During the debate on Bill C-42, many things were said about impartiality, about the appointment of judges and about the whole legal system within which this legislation must be viewed. I will not repeat them.
However, if the government is using the Senate to amend a piece of legislation, to bring amendments to a bill or to parts of a bill because of things it had not noticed, it is cause for concern. I do not think this is the case. I know the Minister of Justice. We can agree or disagree with his position in certain matters, including his decision to refer to the Supreme Court a matter of a very political nature affecting Quebec, we can disagree with some of his decisions, but I think the justice minister is a man who knows his bills inside out.
He is a man who, before making a decision, has the bill analyzed by his advisers, by his team of researchers, by experienced lawyers. And only then does he decide to table a bill. It has been discussed, he changed his position. The bill was passed after it is discussed, after the government and the opposition parties debated it.
I think that it is unthinkable that, in 1996, the Senate can force the government to backtrack on an issue as important as that of the independence of the courts.
I say to the government and its representatives that they are on the wrong track, they should not do this. Instead, they should make the Senate toe the line on this sort of issue. In this case, we are not in agreement with the Liberal government, the Canadian government, on this amendment. In fact, if I had not afraid that it would be interpreted as opposition to Bill C-42, I would have asked the House not to approve the bill at second and third reading. But as for the substance, as I said earlier, we are in agreement with Bill C-42.
As the opposition party, we are against the amendment made by the Senate through the government. We will therefore be voting against this amendment.
I urge the government to do its homework over again. I urge the government to consult its lawyers, researchers and special advisers a second time. I urge the government to do its homework over again, to take another look at the bill, so that it knows exactly what the situation is on this extremely important issue, so that we have legislation that is clear and that does not encourage judges to leave Canada. That is not what the Bloc Quebecois wants. We want
legislation that is clear. We want judges to know the rules ahead of time, and if a judge has expertise in a certain field and would like to be useful at the international level by being seconded to a court outside his jurisdiction, I think we should encourage that with legislation that is clear.
There should be a fair and equitable process for all individuals who would like to take advantage of this international experience. The amendment proposed by the Senate would make this impossible. How each case is evaluated would depend on the amount of pressure on the government opposite.
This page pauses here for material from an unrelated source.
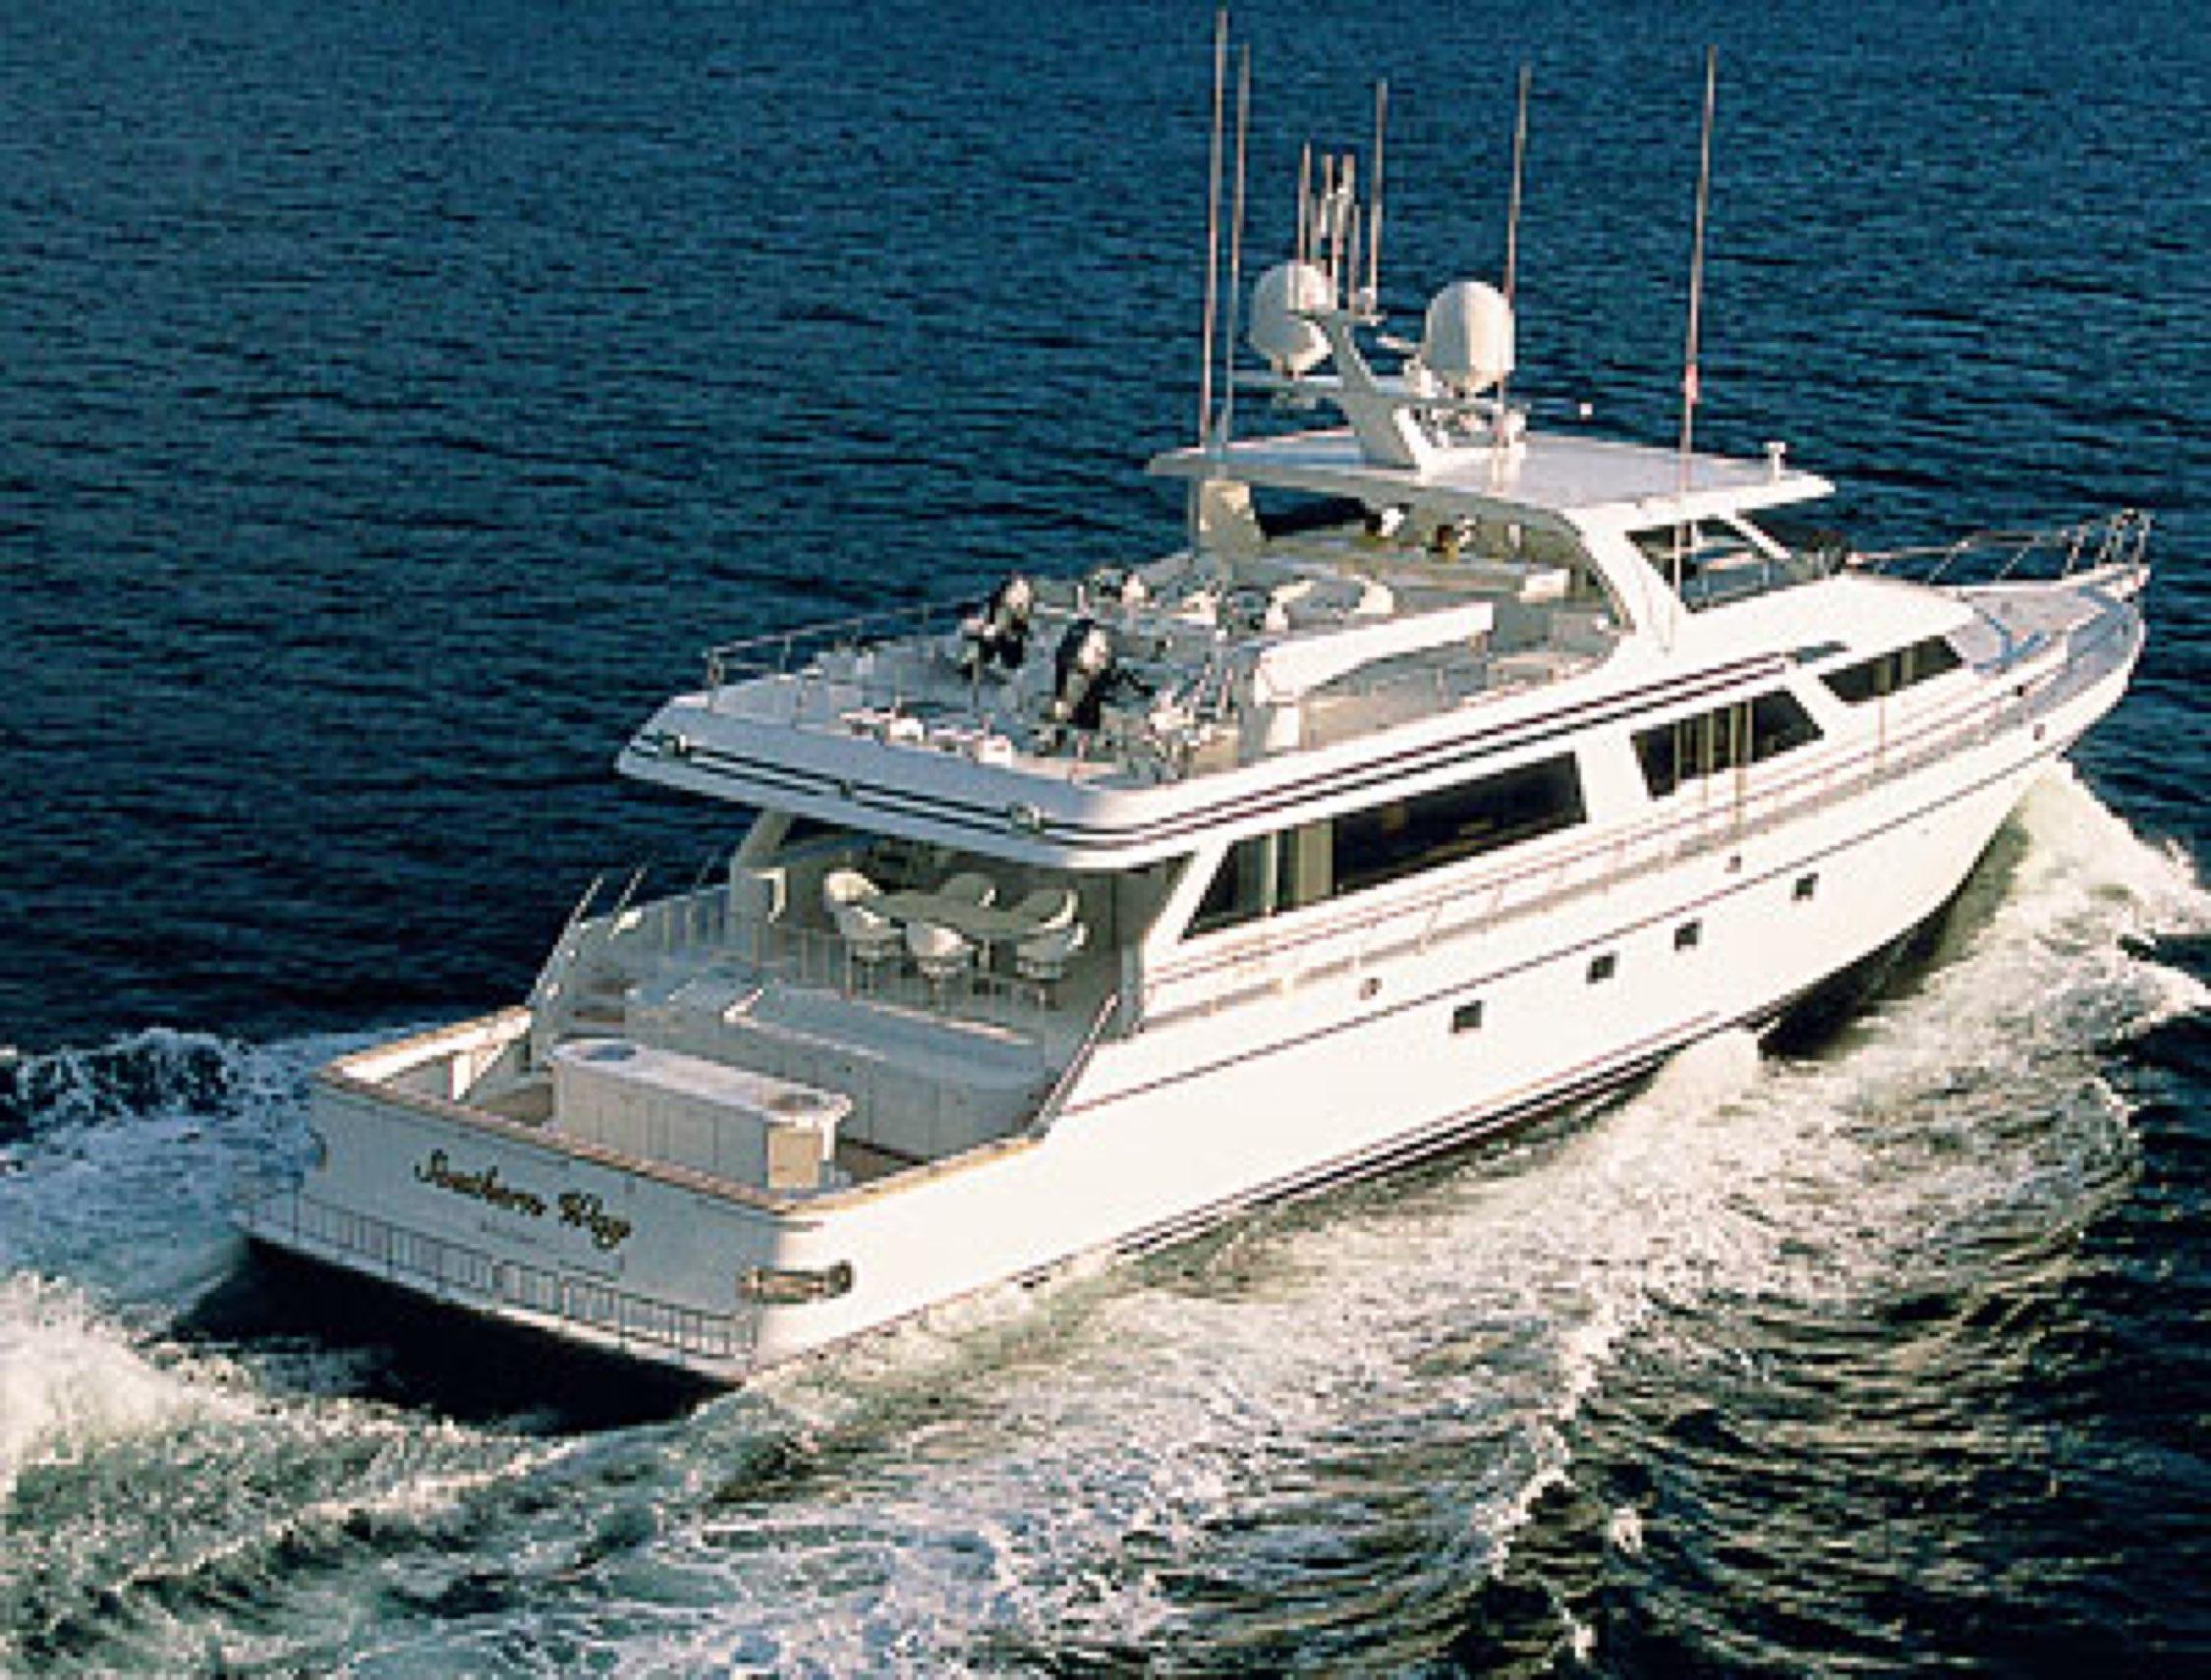 Southern-Way-Yacht-Studio-Lux-5
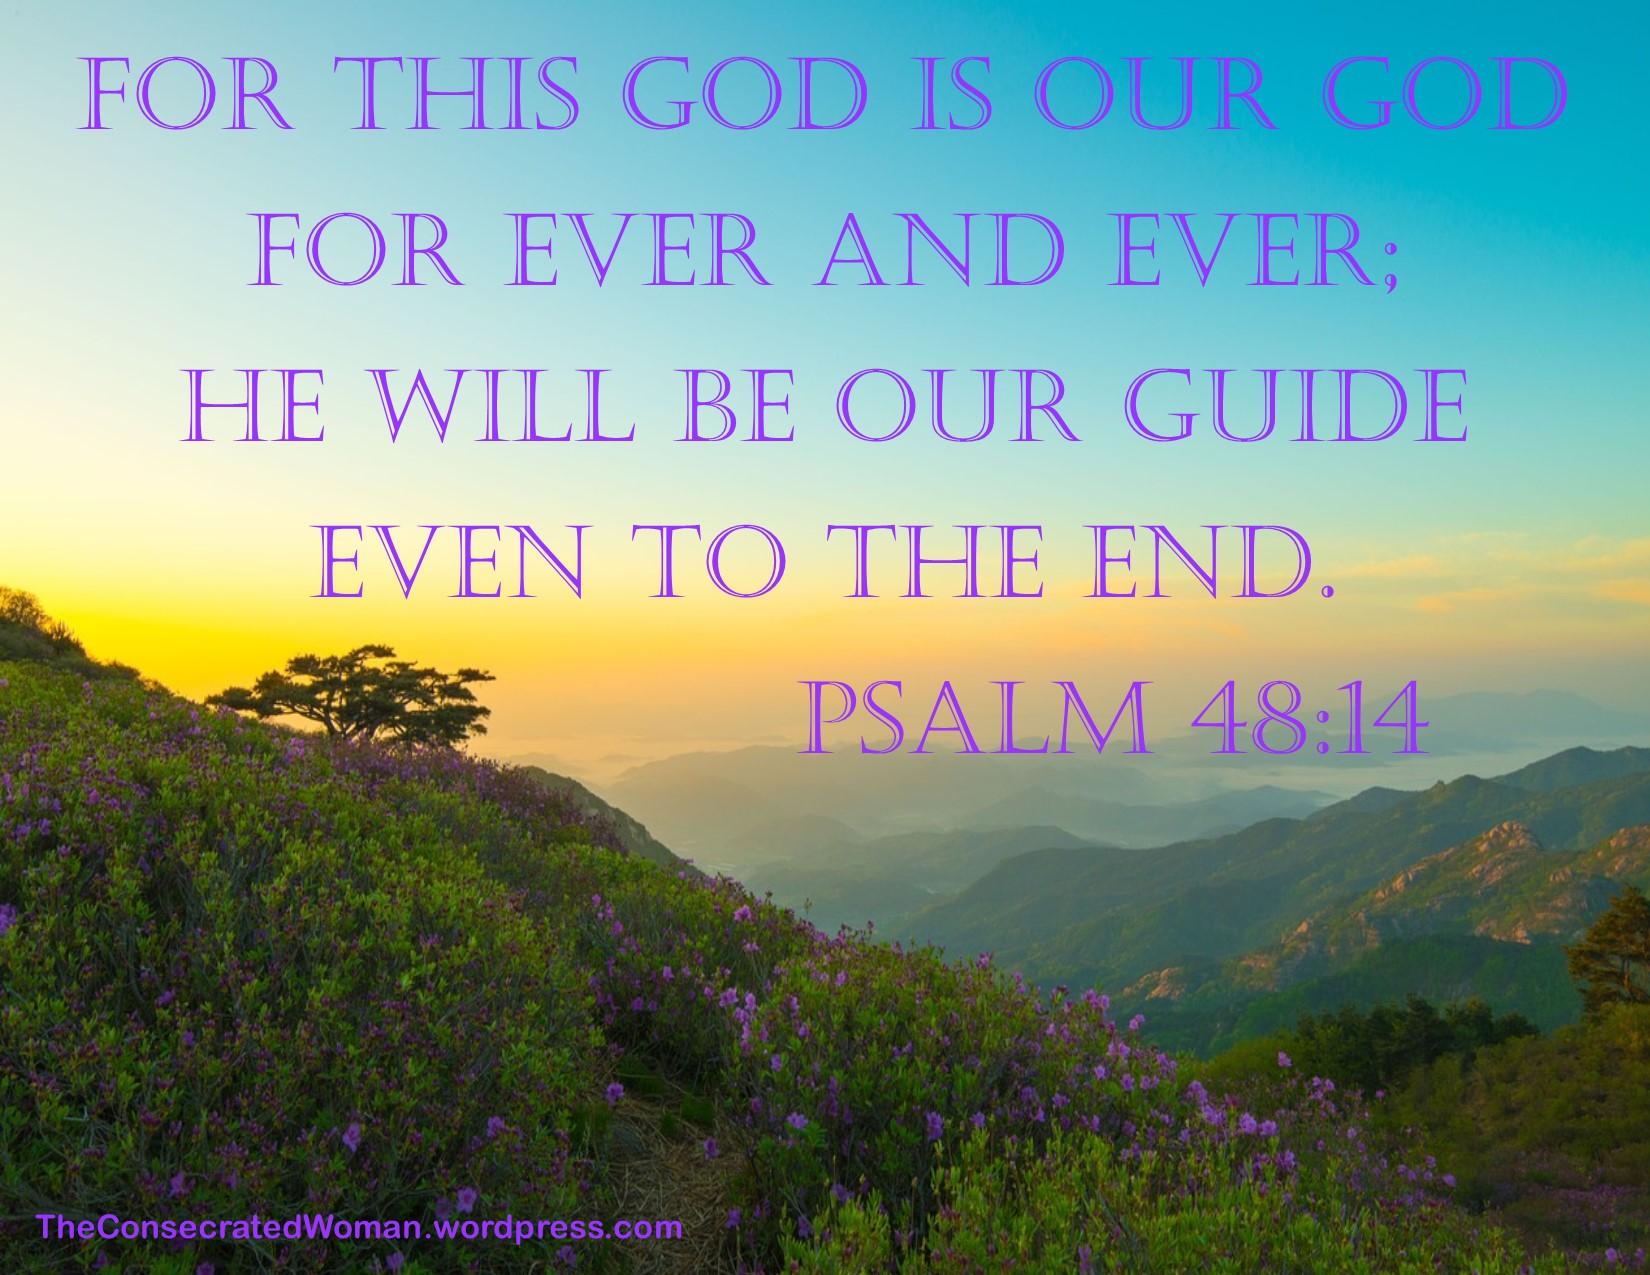 Psalm 48 14

I think this is disastrous in a society that calls itself democratic and emphasizes the independence of the executive and the judiciary.
In concluding, I would urge the Minister of Justice to review his calculations, if he has done any, to review everything with his legal advisers to make the necessary adjustments and in the end decide that the amendment proposed by the Senate is bad for the Canadian judiciary system and therefore for the Quebec judiciary system.